Whether we like it or not, the process of this Corona virus is happening. When my son faced his disease, there was a plan previously put in place for situations similar to his. That plan had been used and adjusted with the benefit of time and experience, but there was still no way to predict his body’s response to that plan. This left us with an uncertainty of how the plan would actually unfold and what we would face throughout the process. We had to be willing to let go of the illusion of control, trust the process and go with the flow. With this Corona virus faced by the entire world, there is no previous plan in place. The plan is being created as we go and there is no way to know exactly what will happen next. Our officials are watching other countries to get some idea of what to expect, but this still does not give an accurate picture, because the United States of America is not like any other country.

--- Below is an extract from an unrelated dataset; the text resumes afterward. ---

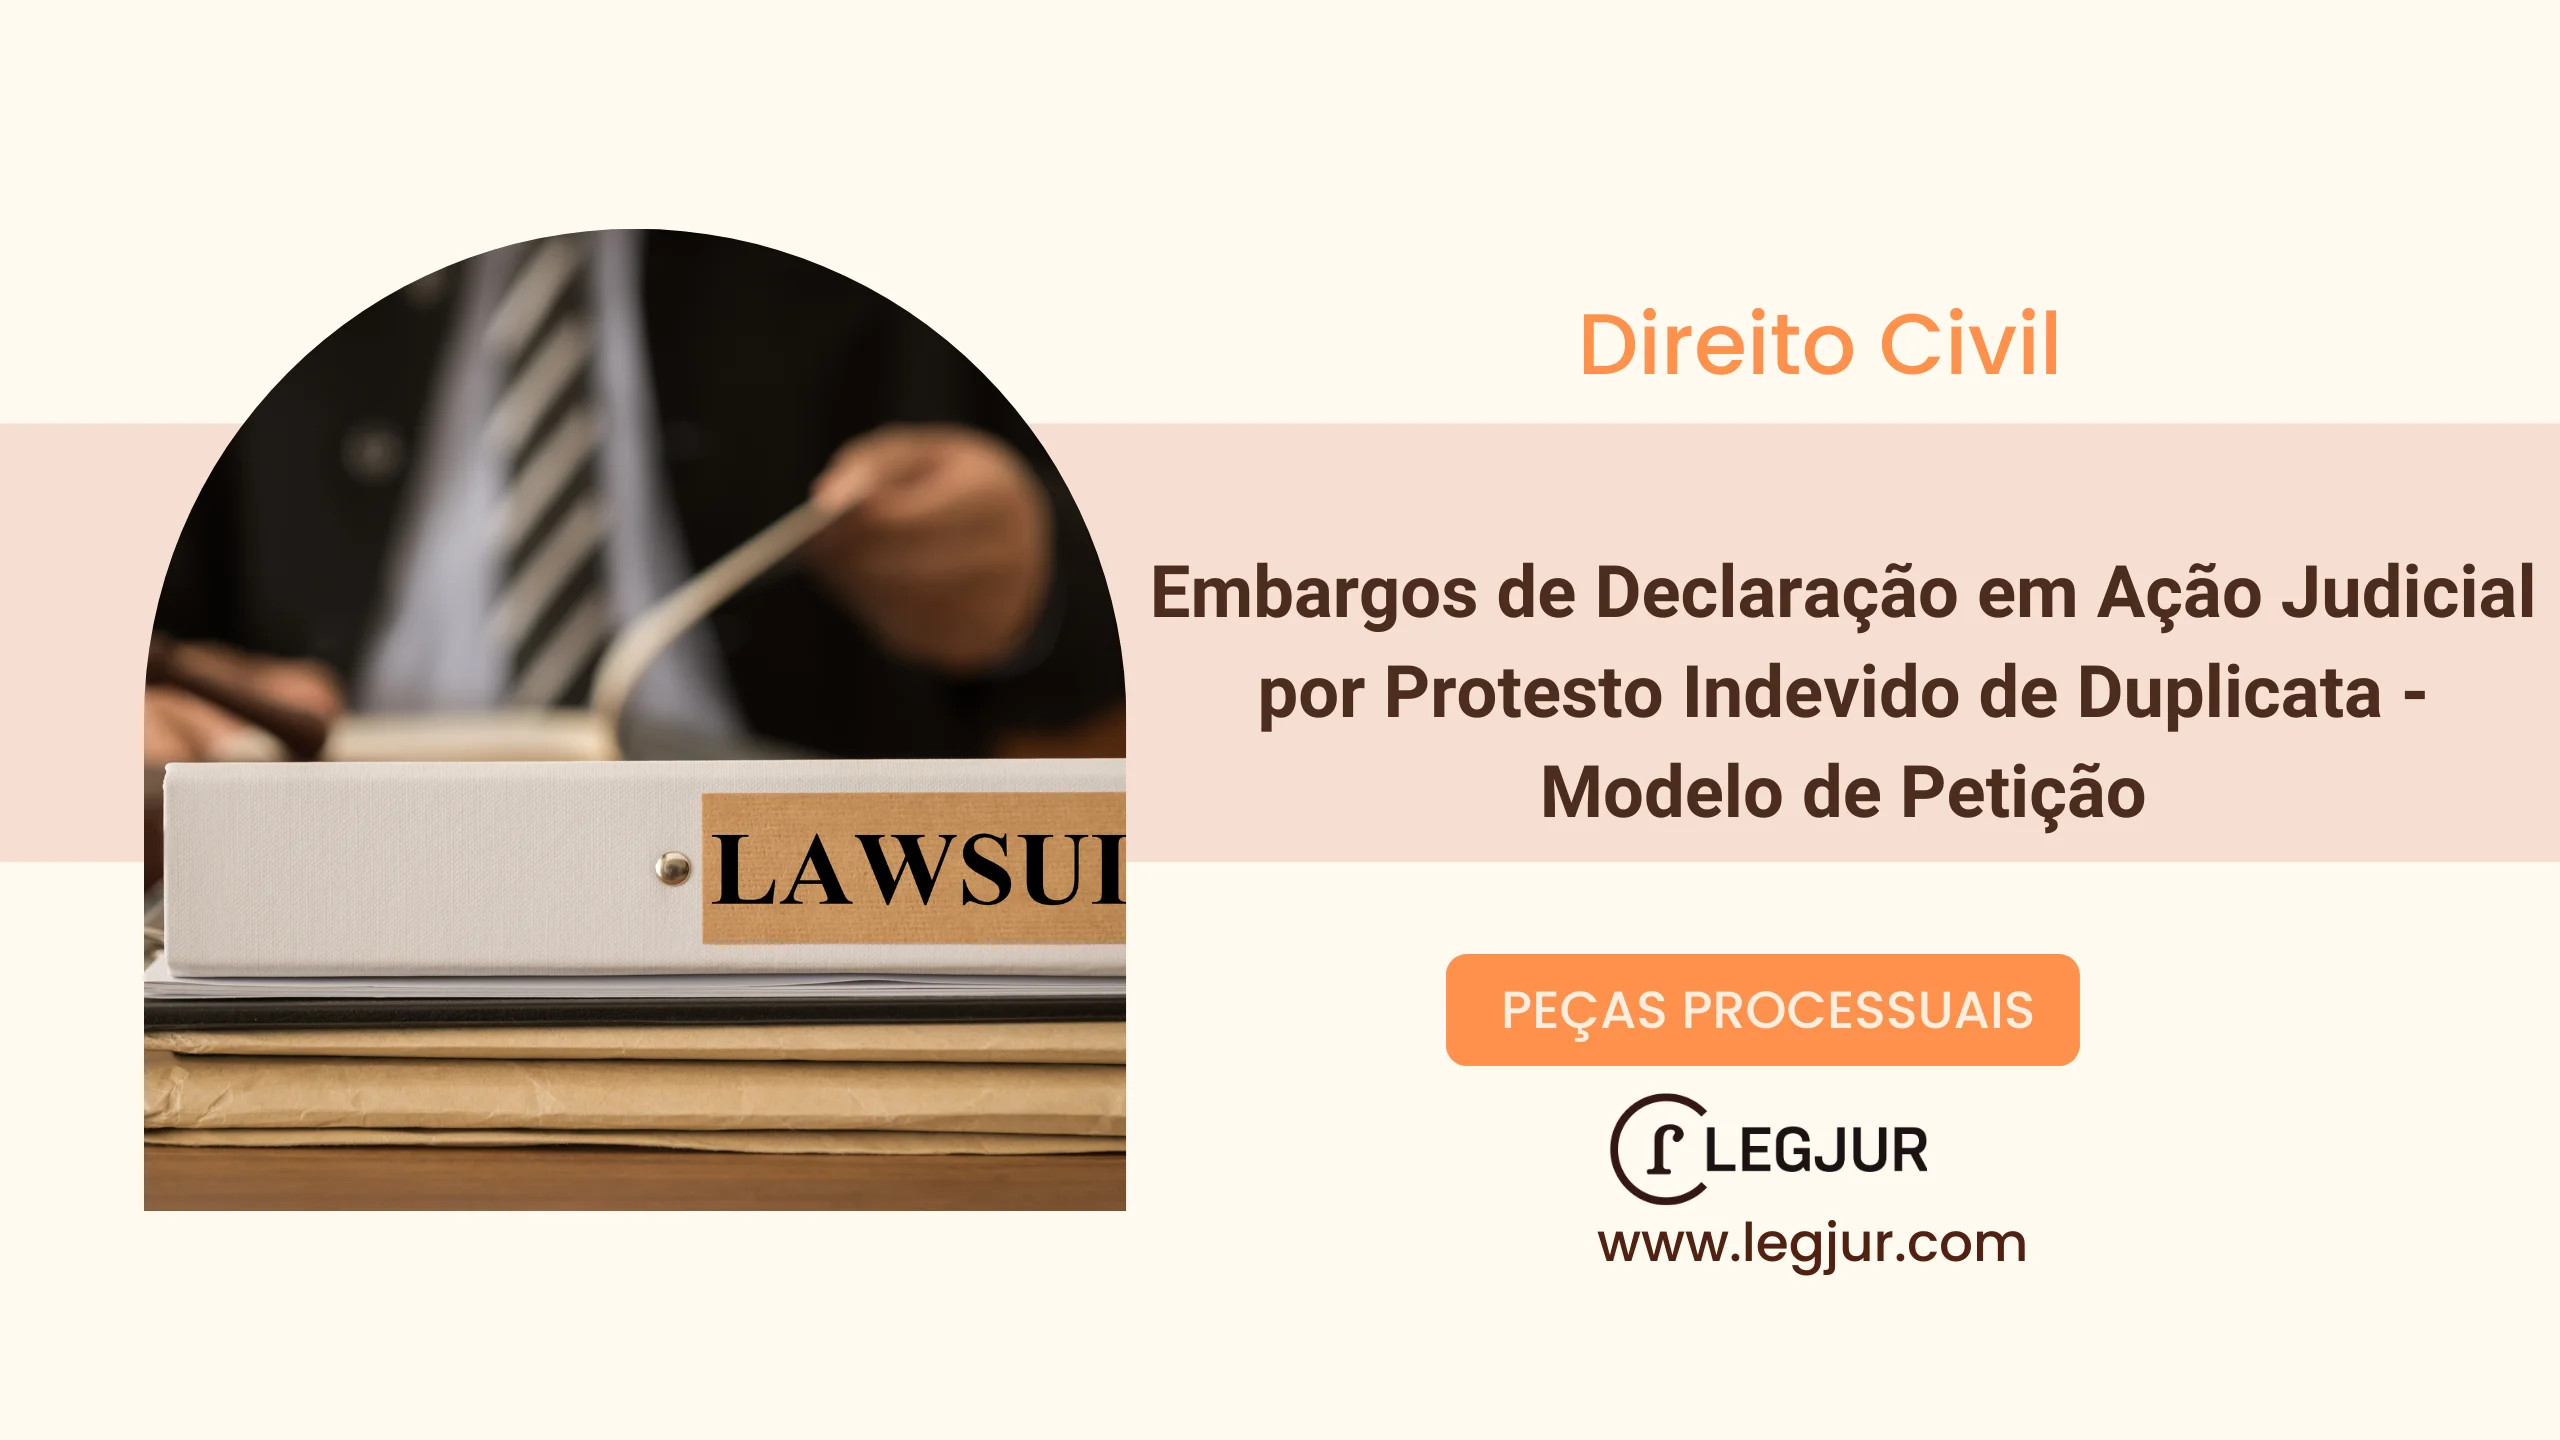 Embargos de Declaração em Ação Judicial por Protesto Indevido de Duplicata - Modelo de Petição

I say all this to say that I believe the only way to make this process as quick and painless as possible, is for all of us to respect the people giving us the plan and trust the process. They are not out to intentionally complicate our lives. They are simply doing their best to take into consideration the well-being of an entire nation as they sift their way through the process of fighting an invisible enemy; wasting time trying to Monday morning quarter back them does not help anyone. Like in my son’s situation, sometimes self-isolation is not as much for you as it is for the greater good of the situation we are facing. Had I not listened to the advice of the doctors, it would have made my son’s situation so much more complicated and longer than it needed to be. We may not have much control over the situation itself, but I do believe our response to the situation, may help determine the duration of time we have to deal with it. Like all the officials who are doing their best to sift their way through this constantly evolving experience, it is of utmost importance that we make our decisions based not only on what is best for ourselves, but on what is best for everyone involved.